== DATA EXTRACT ==
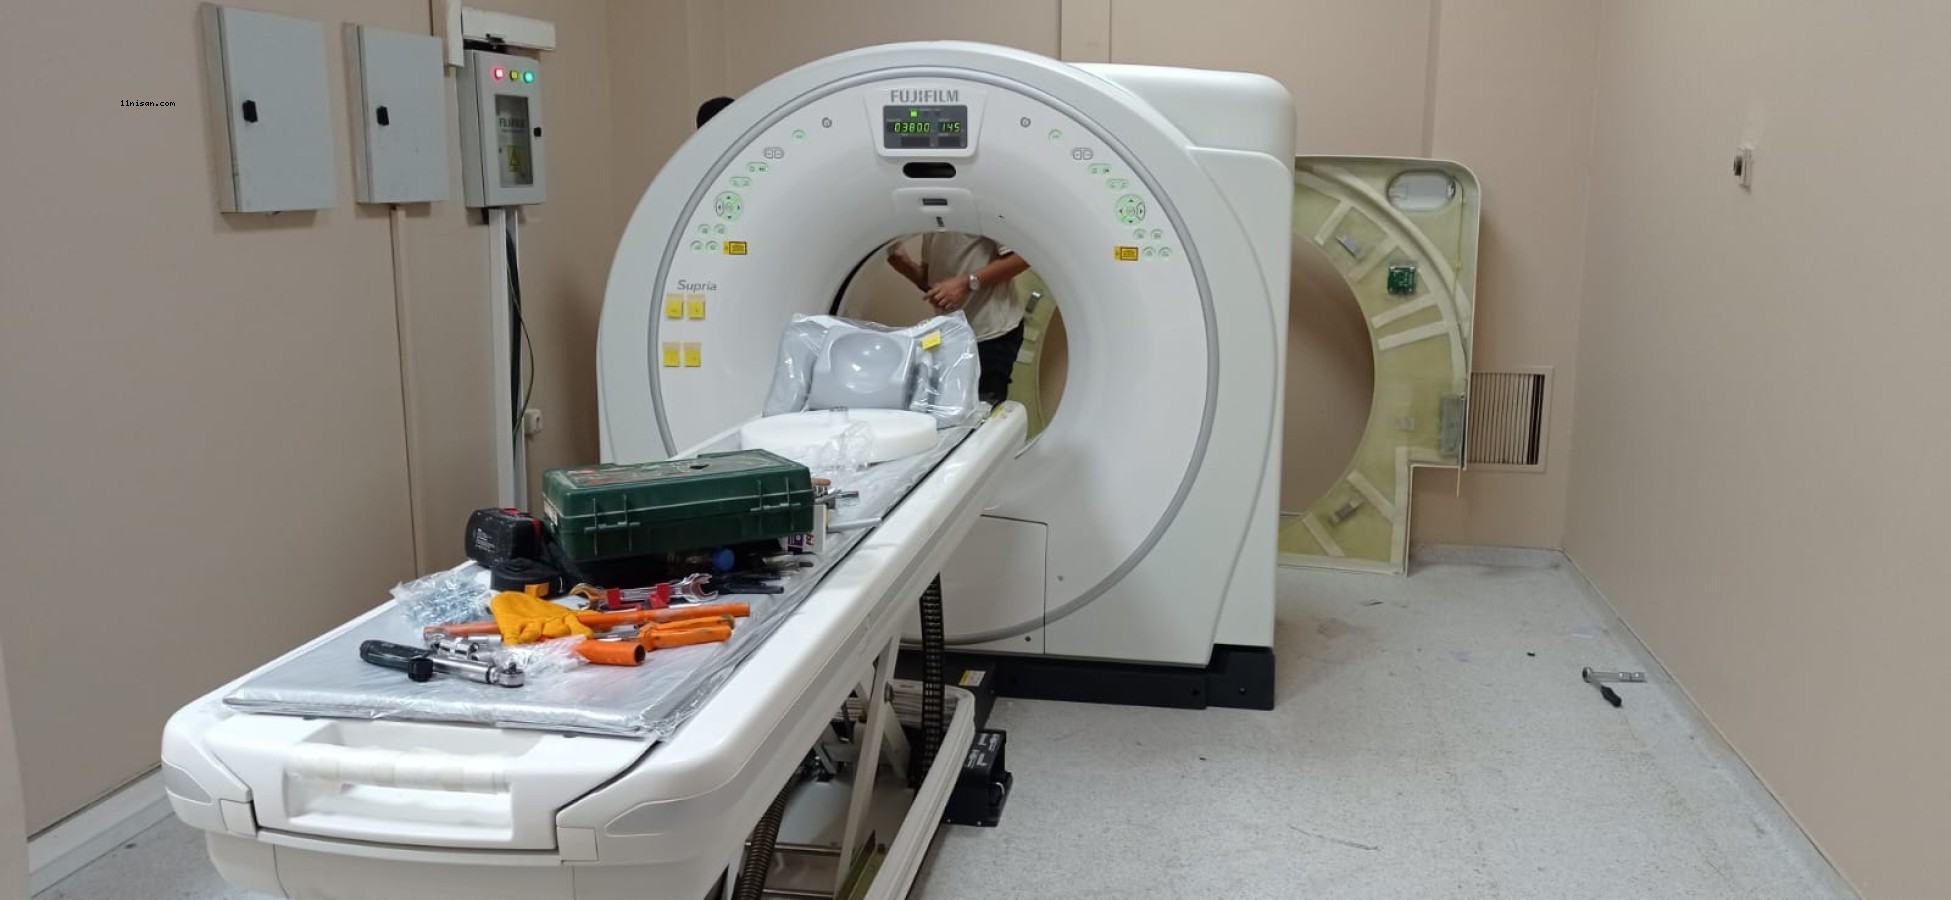 Acil servis iki tomografi cihazı ile hizmet verecek;
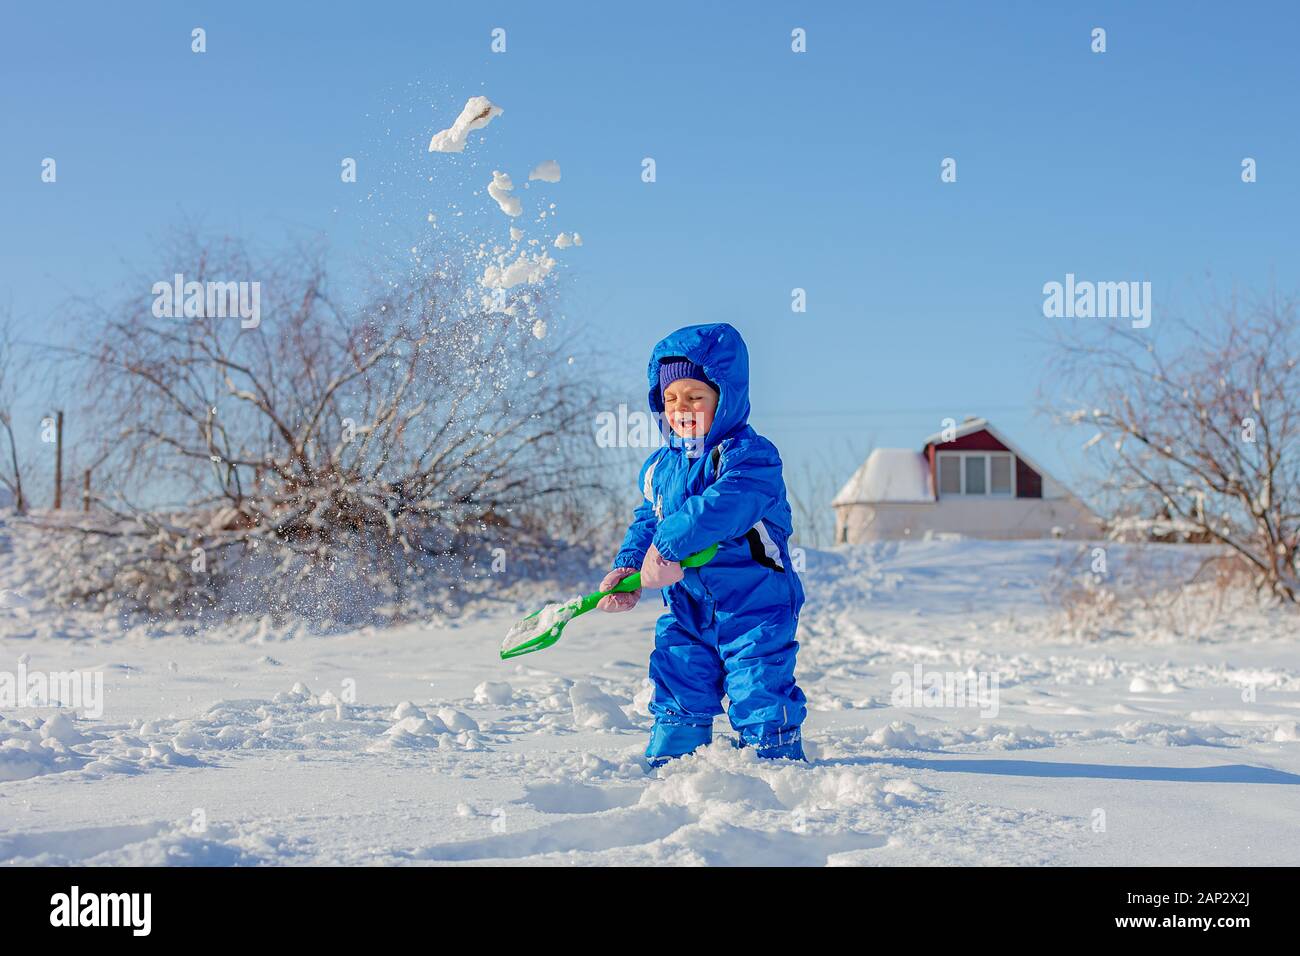 Niñito dig y jugar en el invierno, nieve, actividades de invierno para niños. Niño excava una pala de nieve. Niño con sus manos en posee una espada roja. Holi de
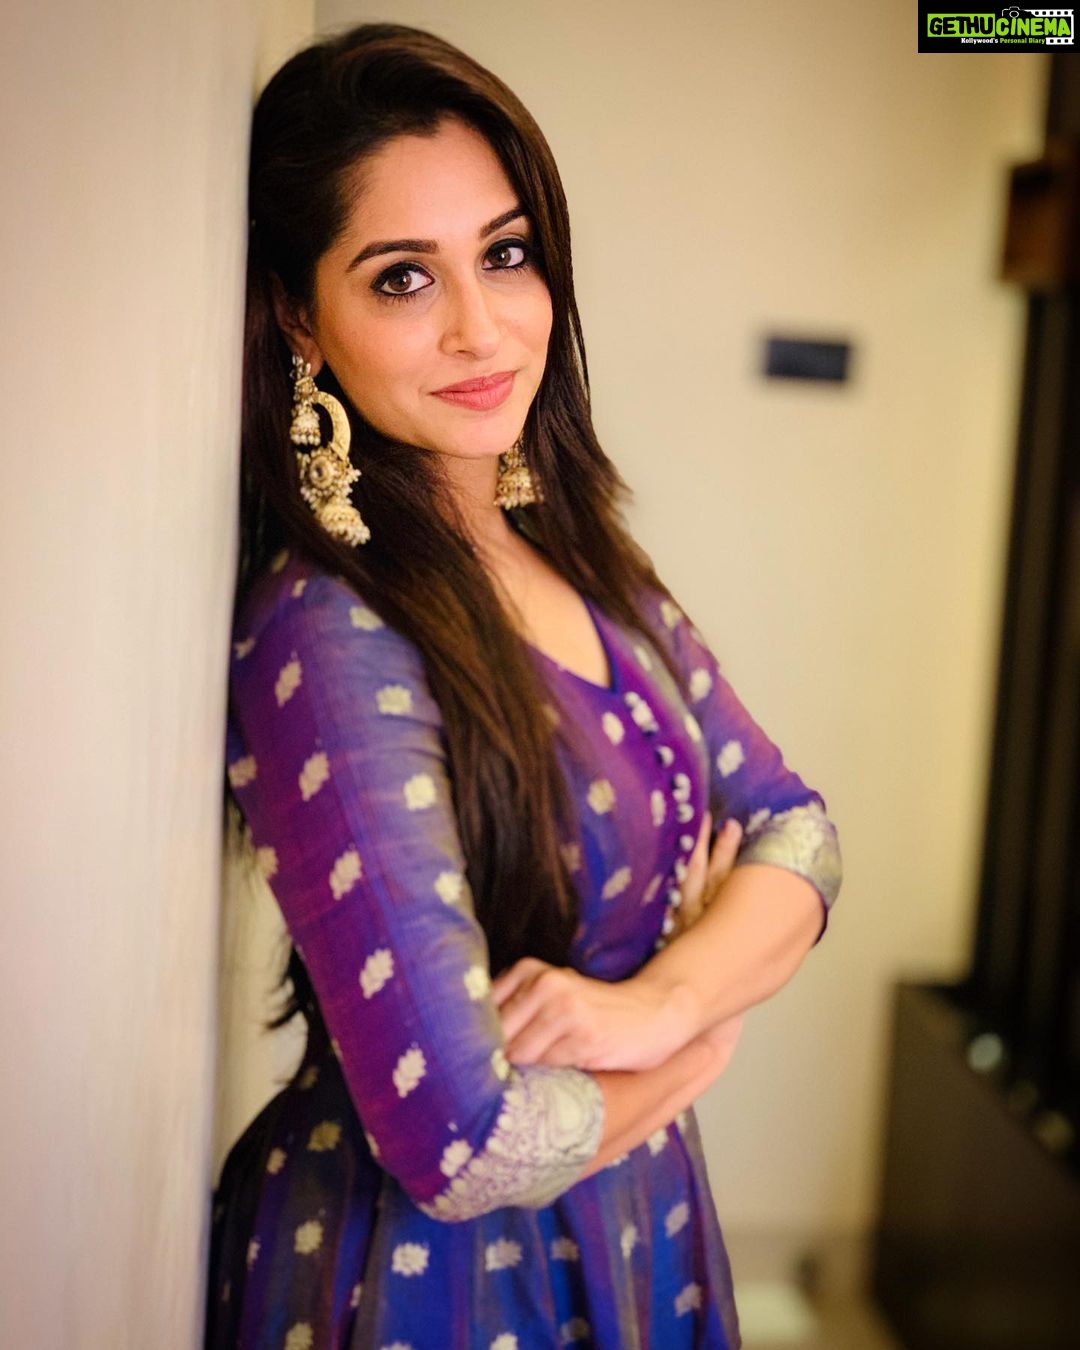 Actress Dipika Kakar HD Photos and Wallpapers September 2019 - Gethu Cinema

== WHAT NEEDS TO BE DONE ==
Write out the whole listing exactly. Pictures stay out.

== RESPONSE TO THIS TASK ==
 Acil servis iki tomografi cihazı ile hizmet verecek;
 Niñito dig y jugar en el invierno, nieve, actividades de invierno para niños. Niño excava una pala de nieve. Niño con sus manos en posee una espada roja. Holi de
 Actress Dipika Kakar HD Photos and Wallpapers September 2019 - Gethu Cinema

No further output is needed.